Self-modifying code

[David Keppel]

In article <1087 at ficc.UUCP> peter at ficc.UUCP (Peter da Silva) writes:
>[ Why are two caches (I, D) better than one (I+D)?

For a given real-estate, a non-snoopy I-cache will hold more data
bits and be faster than a snoopy I-cache.

+ For a given real-estate, the I-cache hit rate will be better.  This
  makes the average instruction fetch time lower.  This may be a win
  if instruction fetch rate is at all a bottleneck.

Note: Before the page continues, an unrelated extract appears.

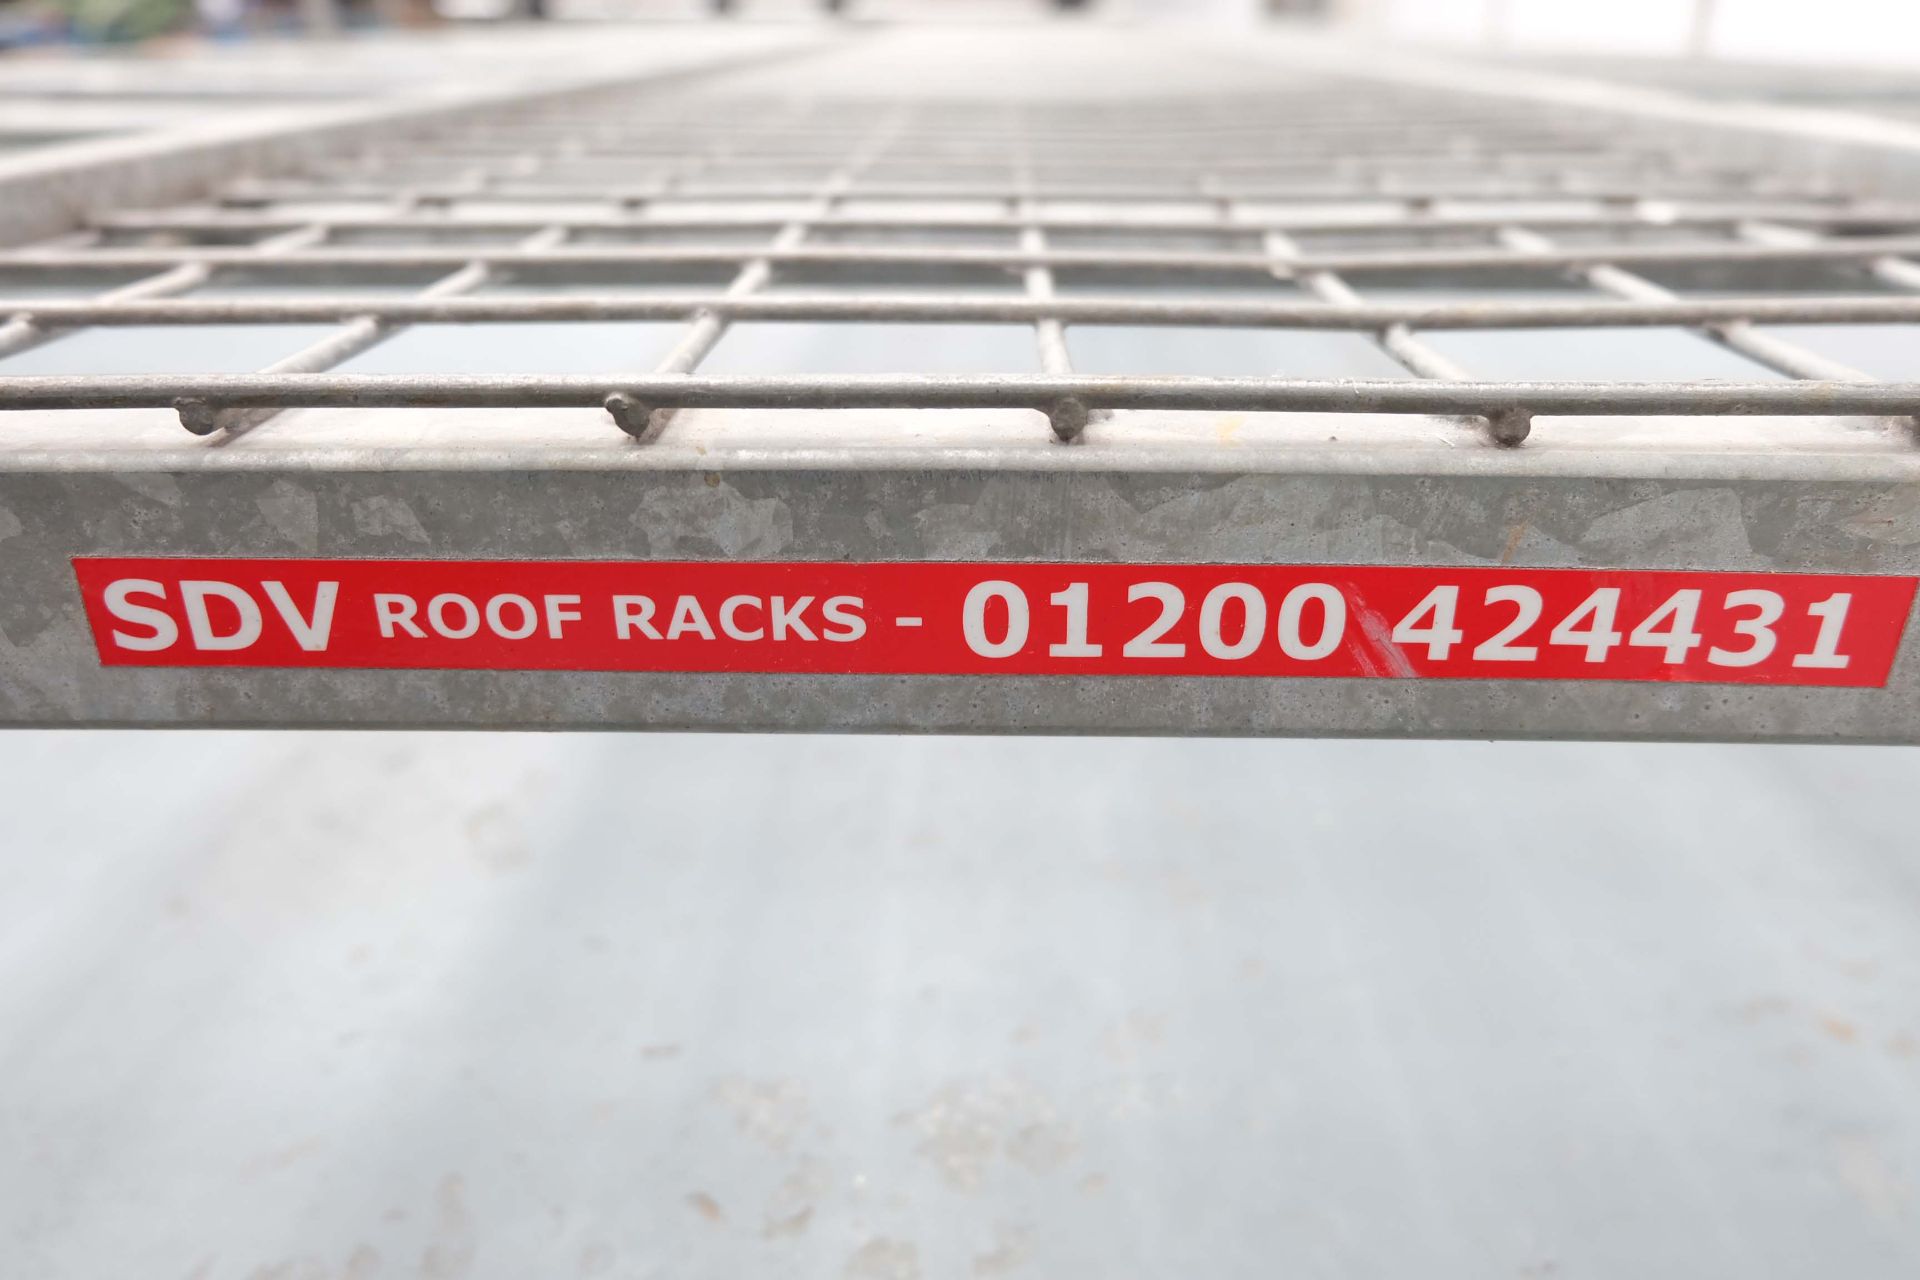 SDV Roof Rack Style 2 With Heavy Duty Runner Mesh. Made From Heavy Duty Galvanised Steel 140" x 68". - Image 6 of 6

+ For a given cache size, the real-estate can be smaller.  This means:
 + The cache may be cheaper.
 + The cache may be small-enough to put closer to the instruction
   register, making it effectively faster.

+ The logic is simpler and more regular.
  + Faster design times.
  + Fewer bugs.
  + Easier to incorporate into VLSI designs (==faster).
  + Less logic to drive => faster, less power.

+ The cache doesn't need to be connected to as many things.
  + More freedom to place the cache => faster, cheaper.
  + Less external logic to drive => smaller, faster, cheaper.

+ Aliasing and data distribution are less of (none) a problem.
  This lets you build (with much less pain)
  + Heirarchical cache organizations (faster).
  + Virtually-addressed caches (faster).

I-caches are particularly useful on machines that make heavy use
of memory.  This includes:
+ Many high-performance processors.
+ Shared-memory multiprocessors.

The primary problem (that I'm aware of) with non-snoopy I-caches
is that you must manually flush the I-cache every time that an
instruction is changed.  (Strictly speaking, every time you change an
I-space address that has been touched since the last cold start).

Does that answer your question ?-)

	;-D on  ( Faster )  Pardo